* Task requirements: With pictures removed, print the listing exactly.

* Data section:
────────────────
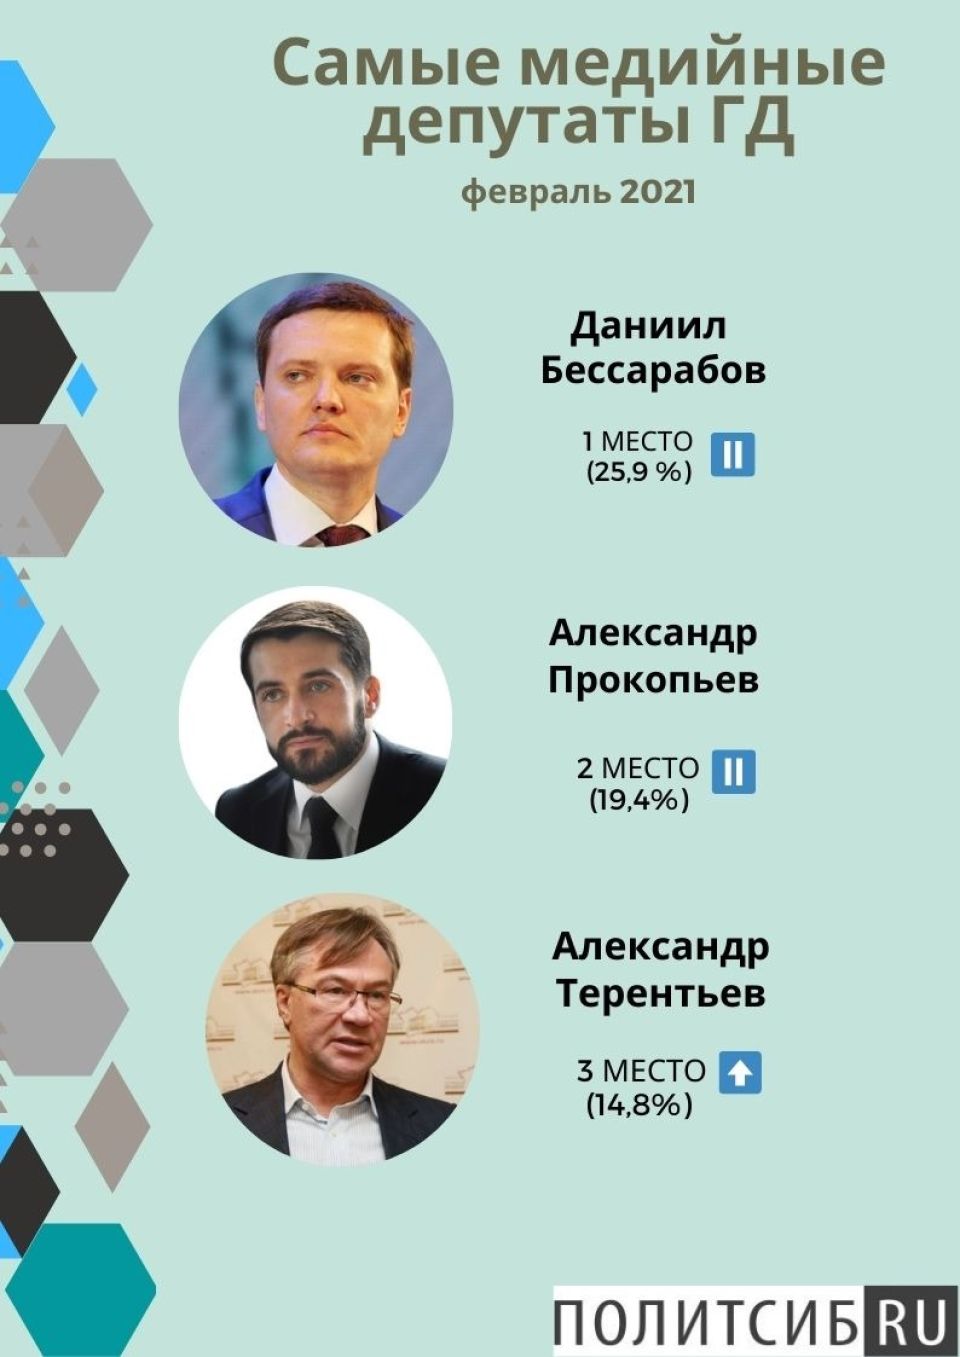 Рейтинг депутатов Госдумы в феврале 2021 года
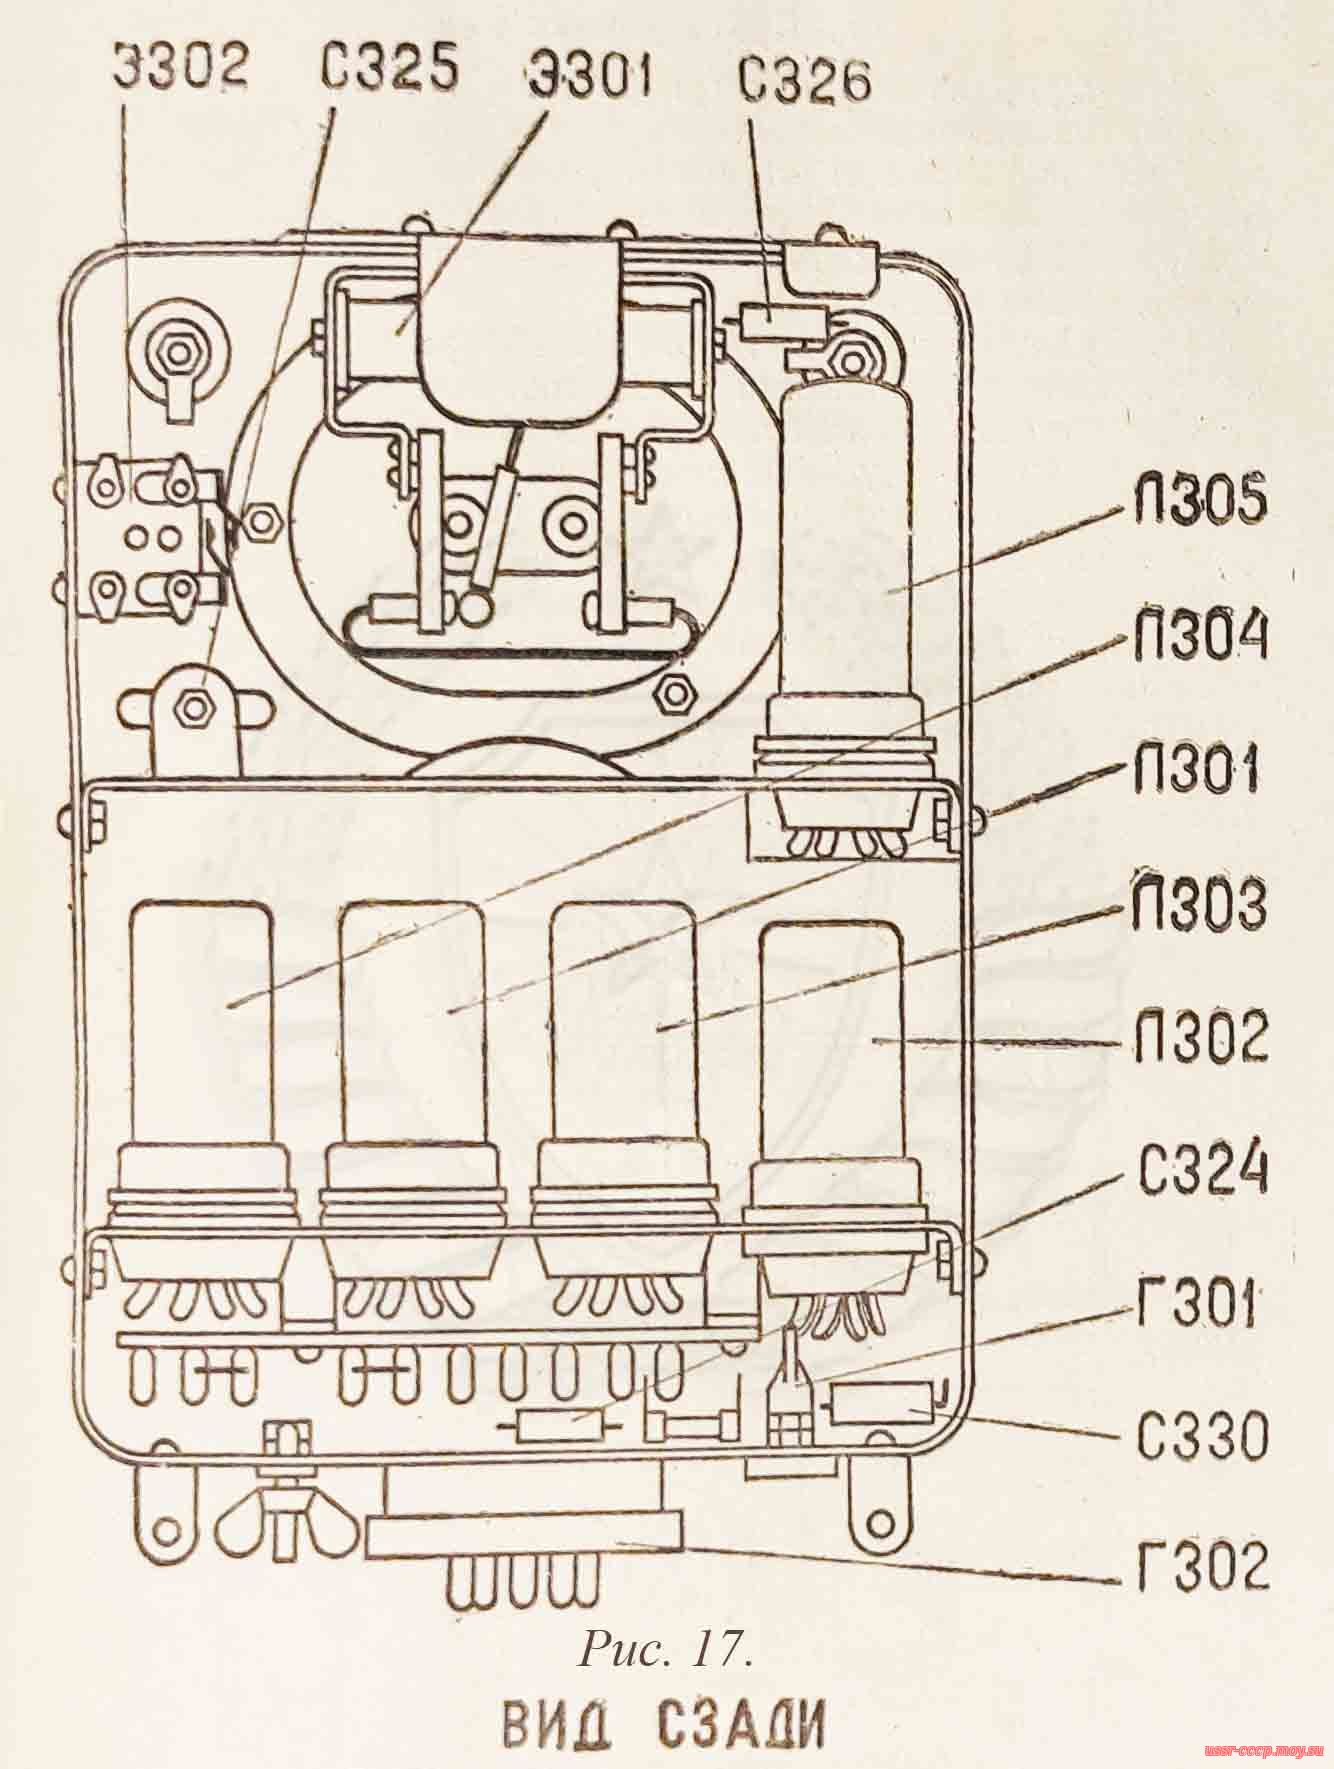 Рисунок 17. Антенный элемент (вид сзади), радиопередатчика Р-805.
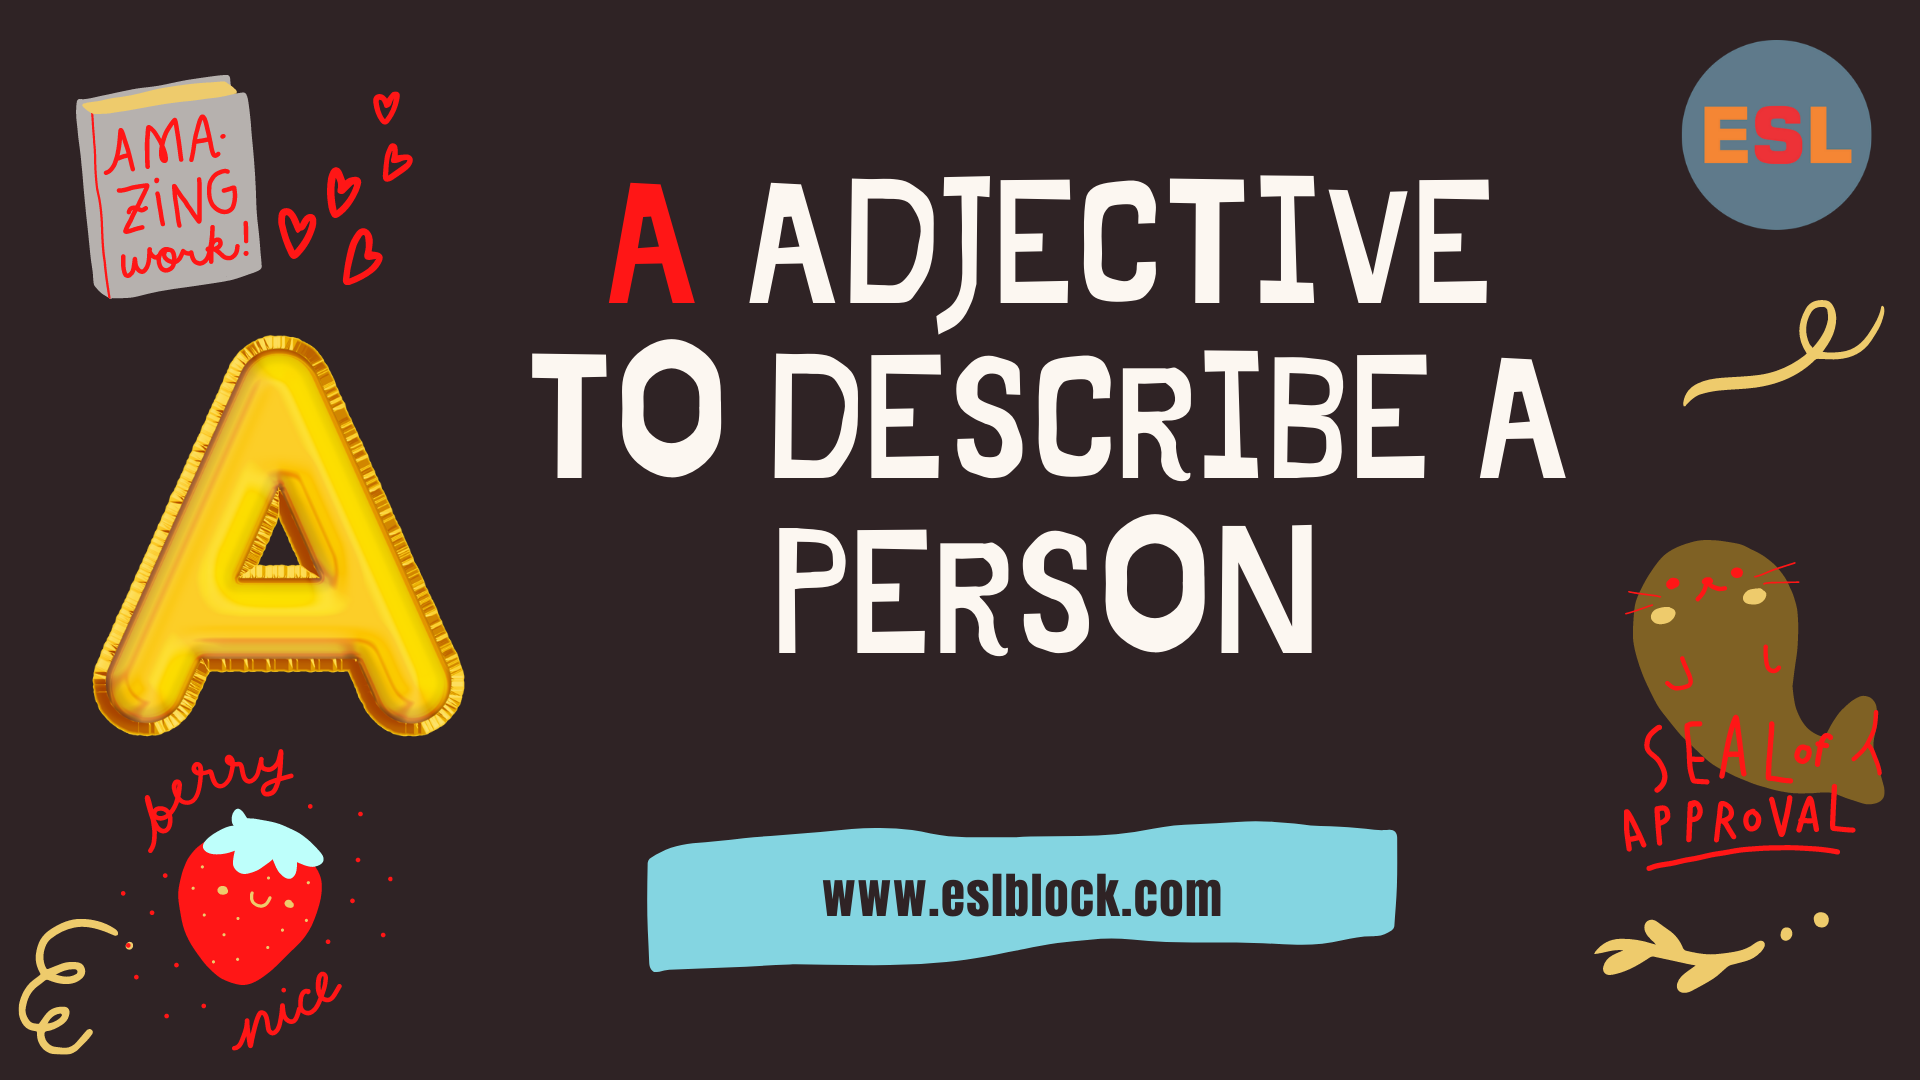 A Adjectives to Describe a Person, A Positive Adjectives to Describe a Person, A Words, A-Z Adjectives, Adjective Words, Adjectives, Adjectives to describe a person, Positive Adjectives to Describe a Person, Vocabulary, Words That Describe a Person
────────────────
* Exercise output:
 Рейтинг депутатов Госдумы в феврале 2021 года
 Рисунок 17. Антенный элемент (вид сзади), радиопередатчика Р-805.
 A Adjectives to Describe a Person, A Positive Adjectives to Describe a Person, A Words, A-Z Adjectives, Adjective Words, Adjectives, Adjectives to describe a person, Positive Adjectives to Describe a Person, Vocabulary, Words That Describe a Person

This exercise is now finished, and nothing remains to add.